▶ **Data excerpt**:
⁂
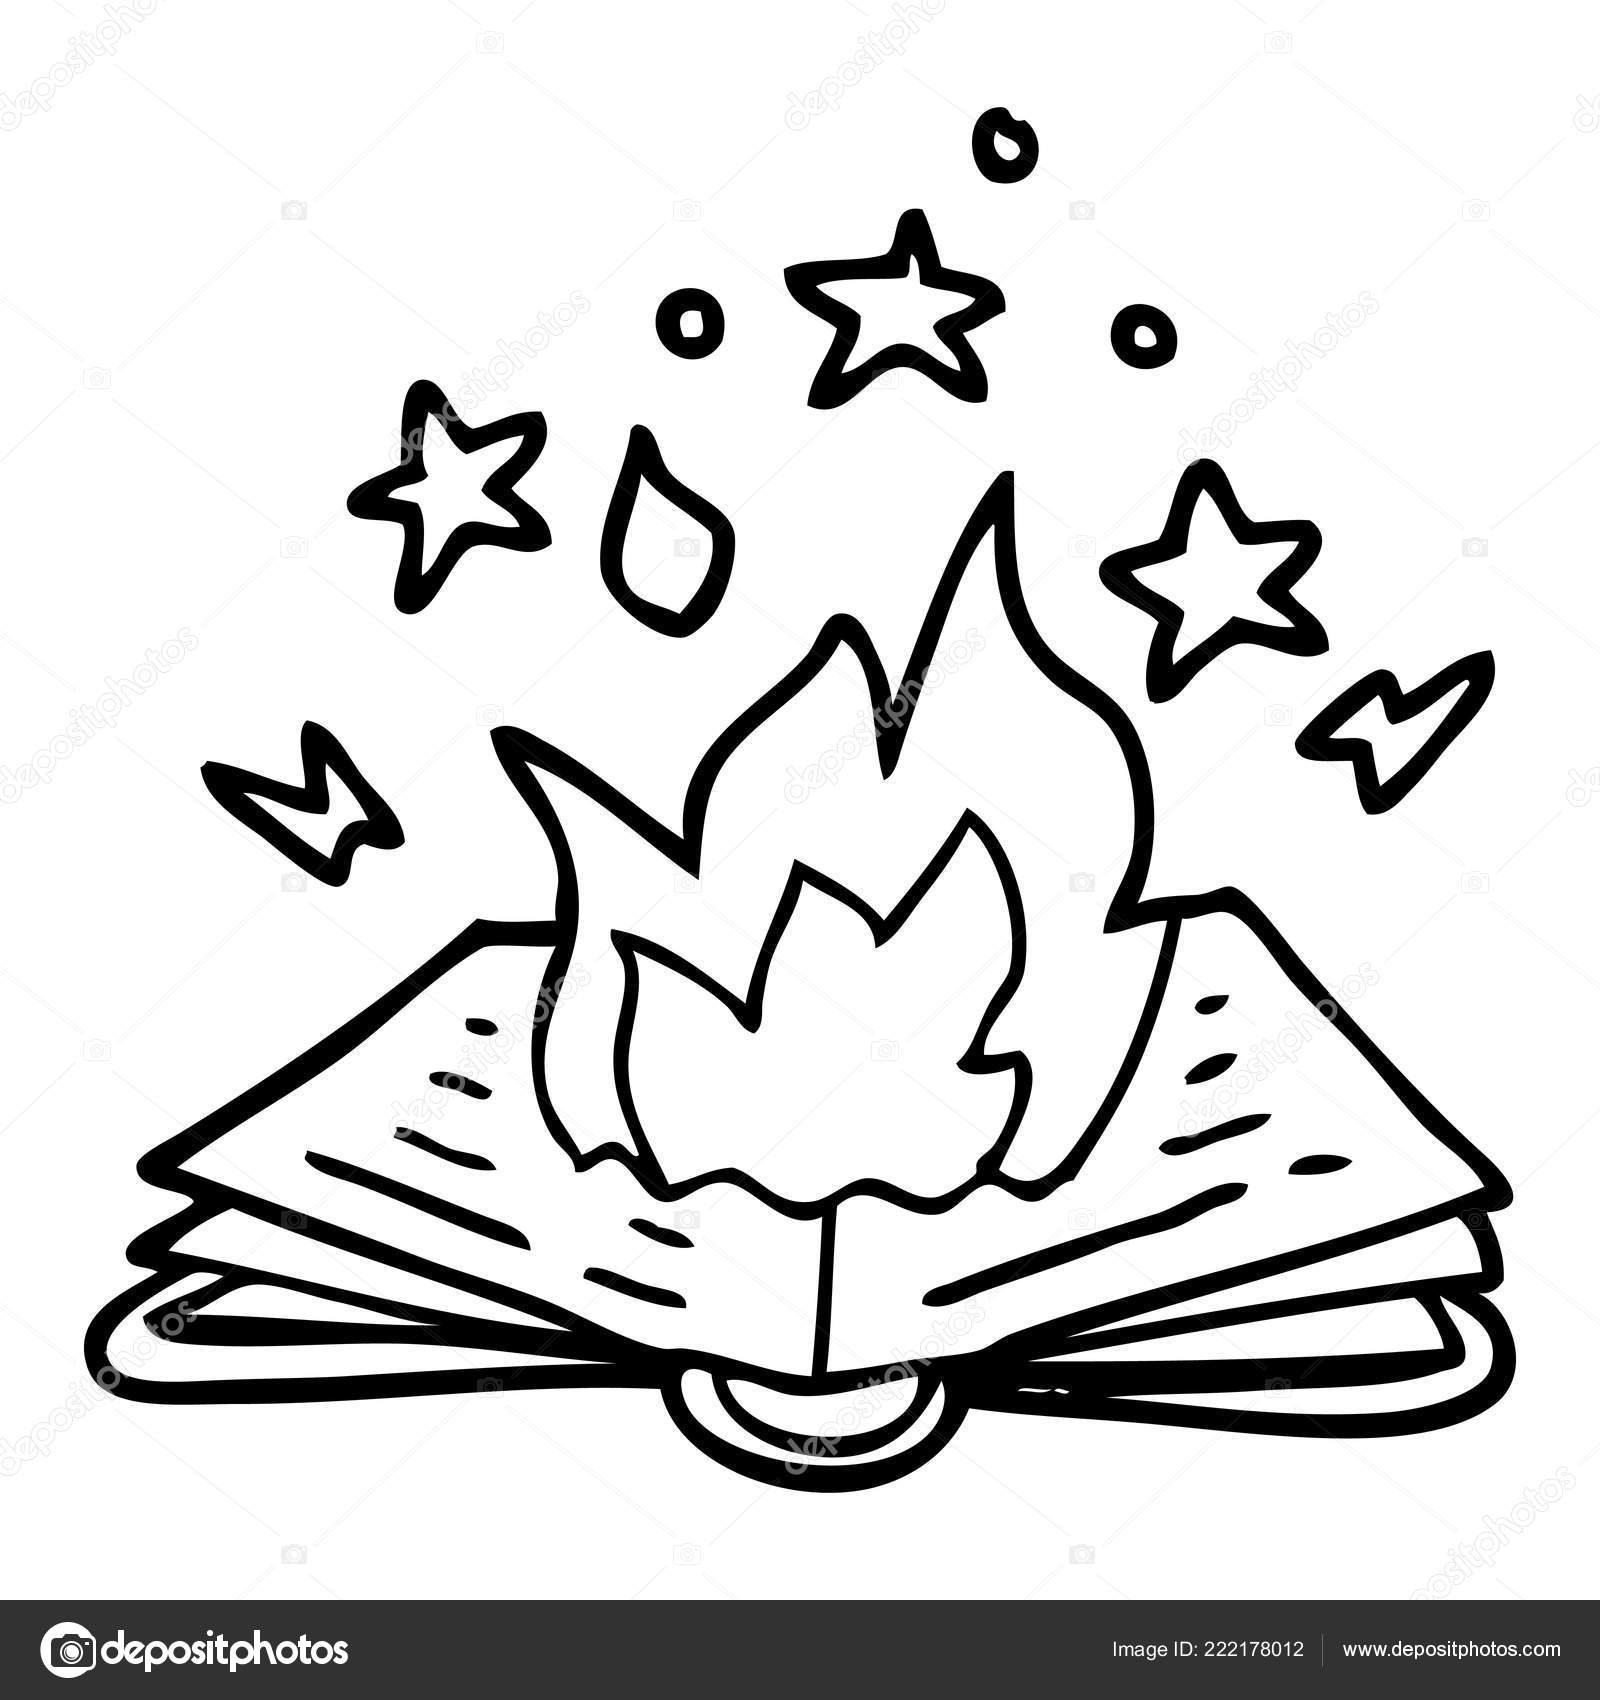 Livre Sorts Pour Dessin Anime Dessin Trait Image
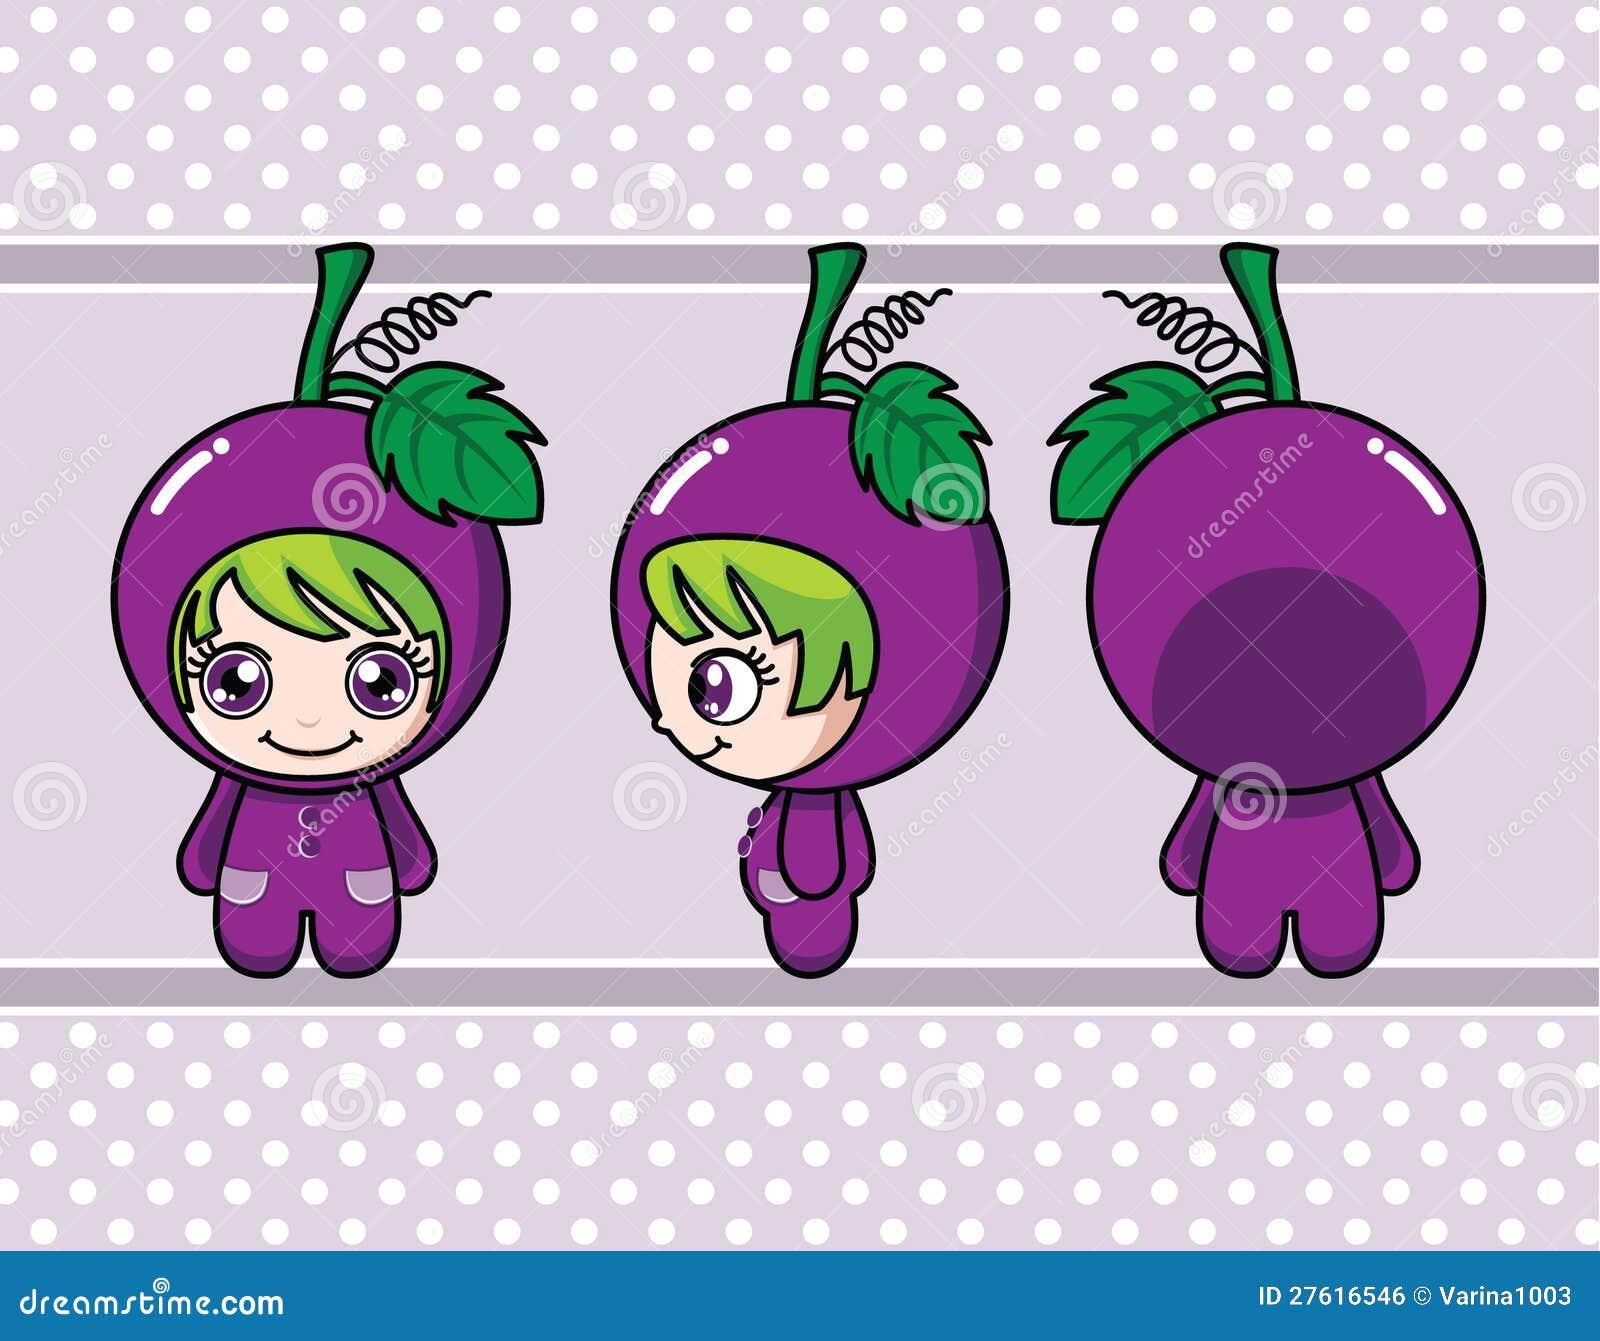 统一水晶葡萄_紫色葡萄单词-紫色葡萄慈父心阅读答案-紫色的葡萄像什么-冰 ...
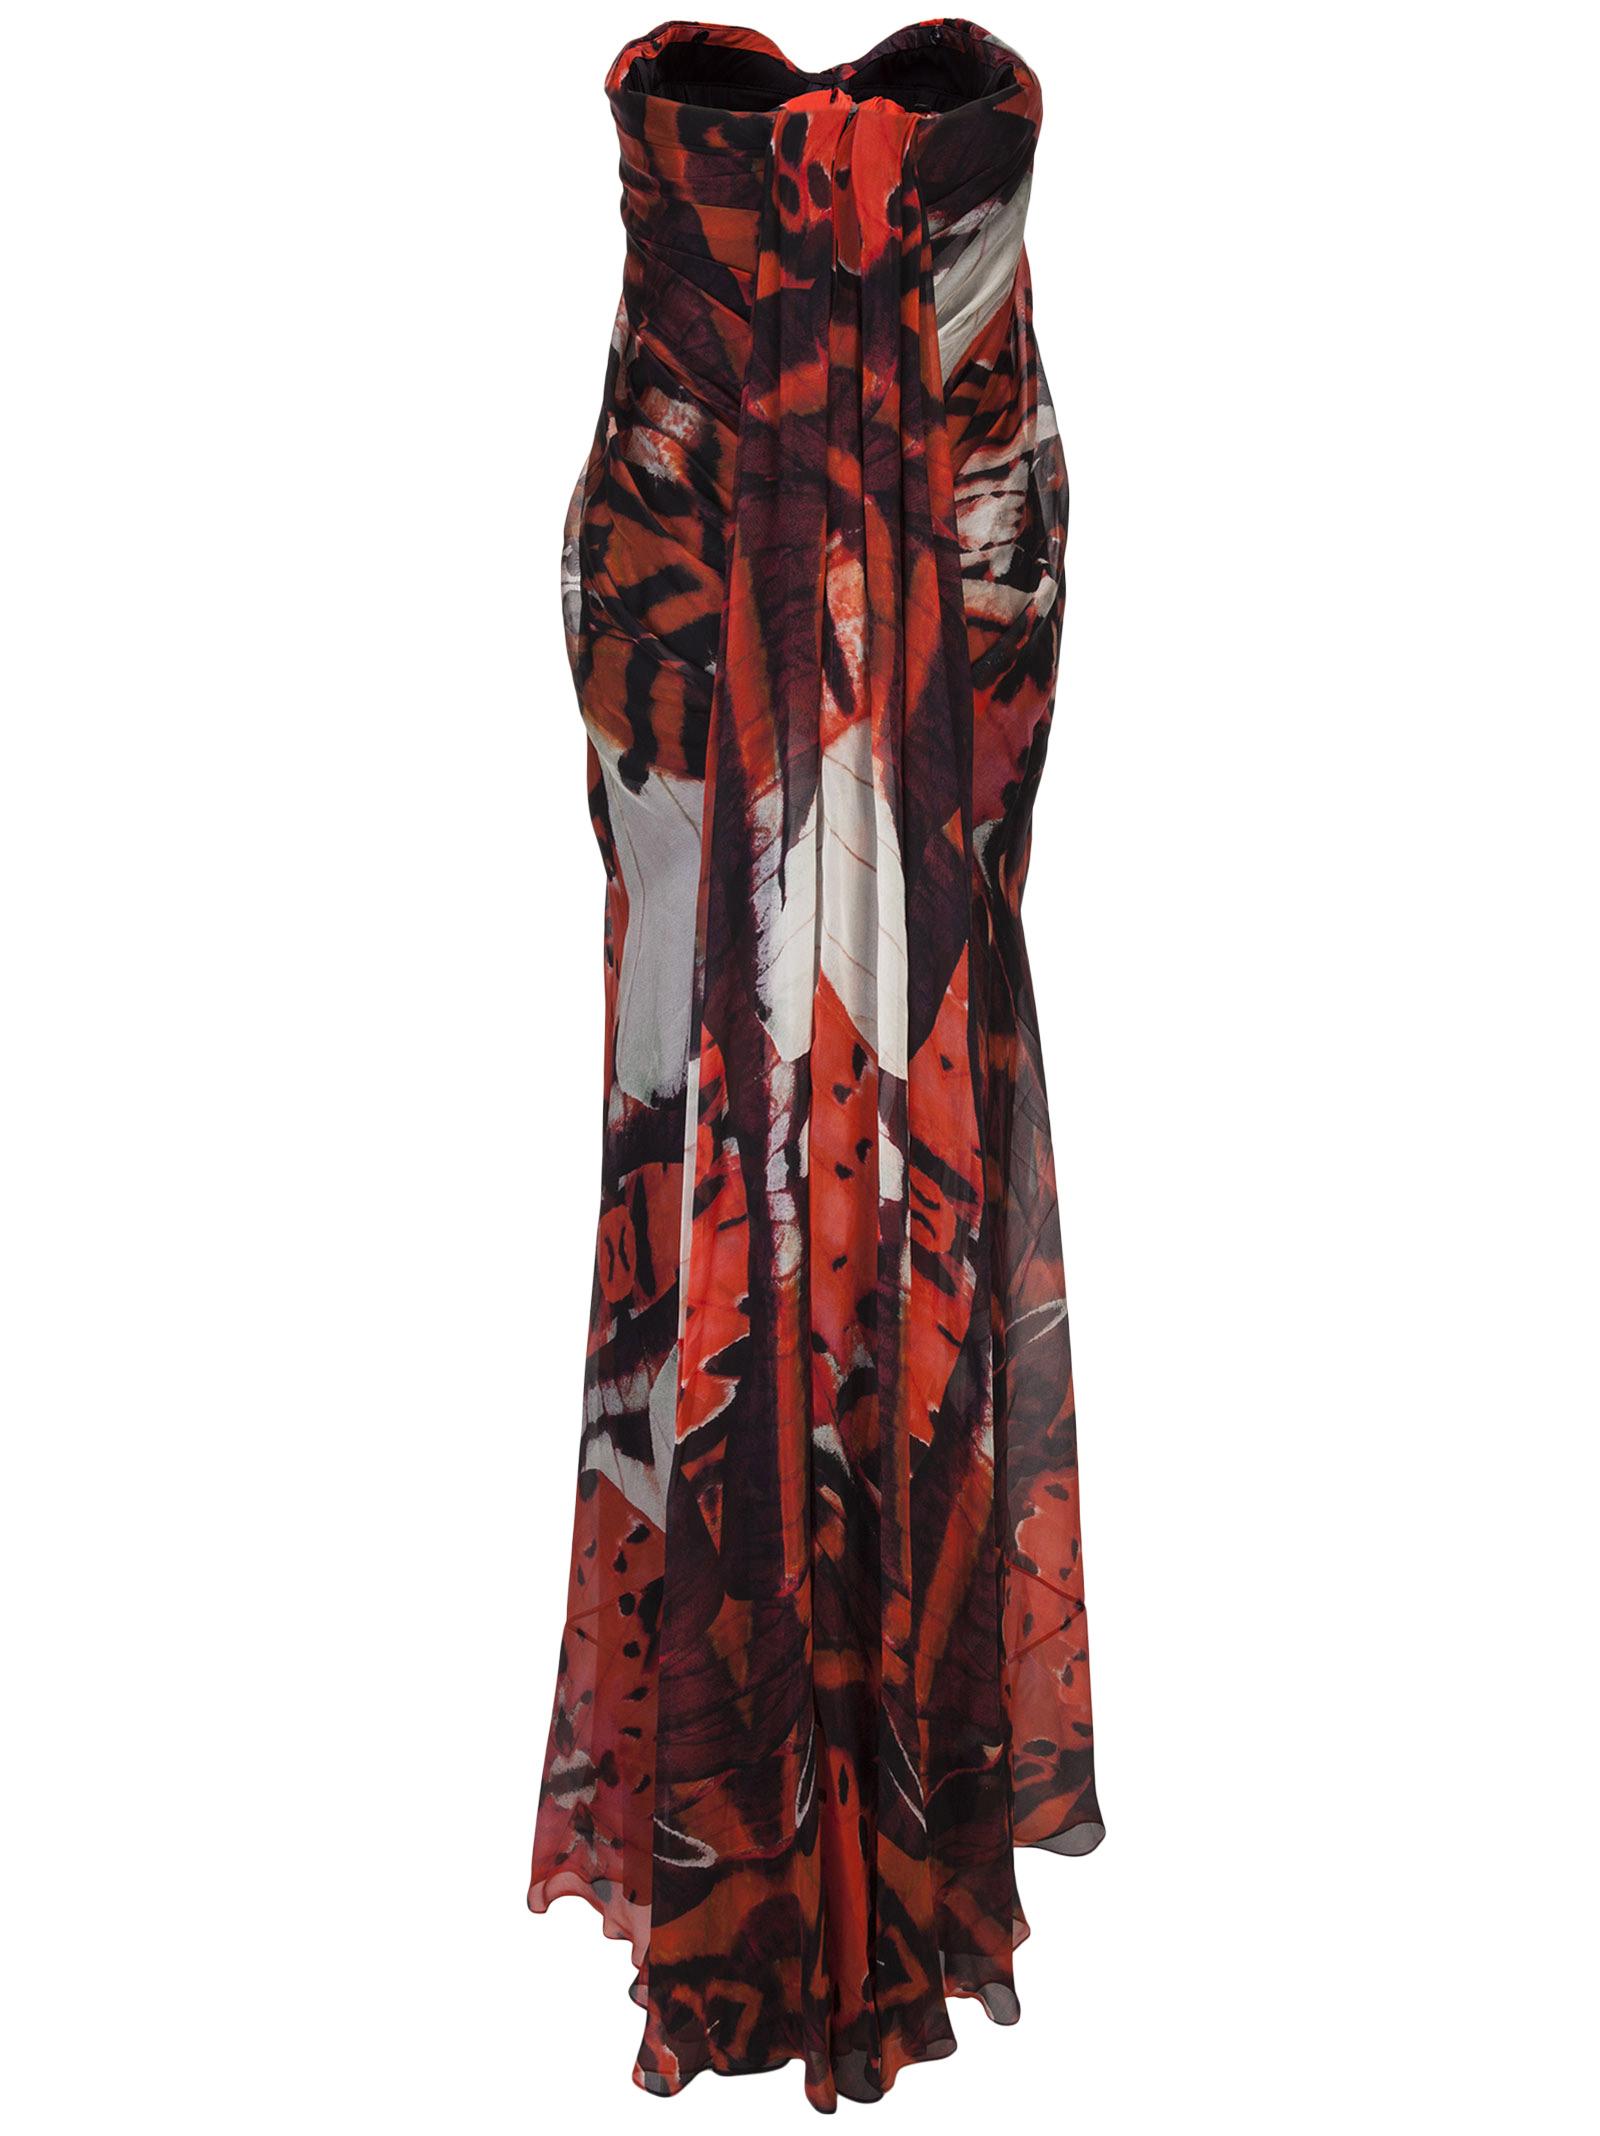 b25876a1603 Alexander McQueen Dress - Alexander McQueen - Michele Franzese Moda
⁂
▶ **Exercise brief**:
Each line above gets copied exactly; leave the pictures out.

▶ **Solution to this exercise**:
 Livre Sorts Pour Dessin Anime Dessin Trait Image
 统一水晶葡萄_紫色葡萄单词-紫色葡萄慈父心阅读答案-紫色的葡萄像什么-冰 ...
 b25876a1603 Alexander McQueen Dress - Alexander McQueen - Michele Franzese Moda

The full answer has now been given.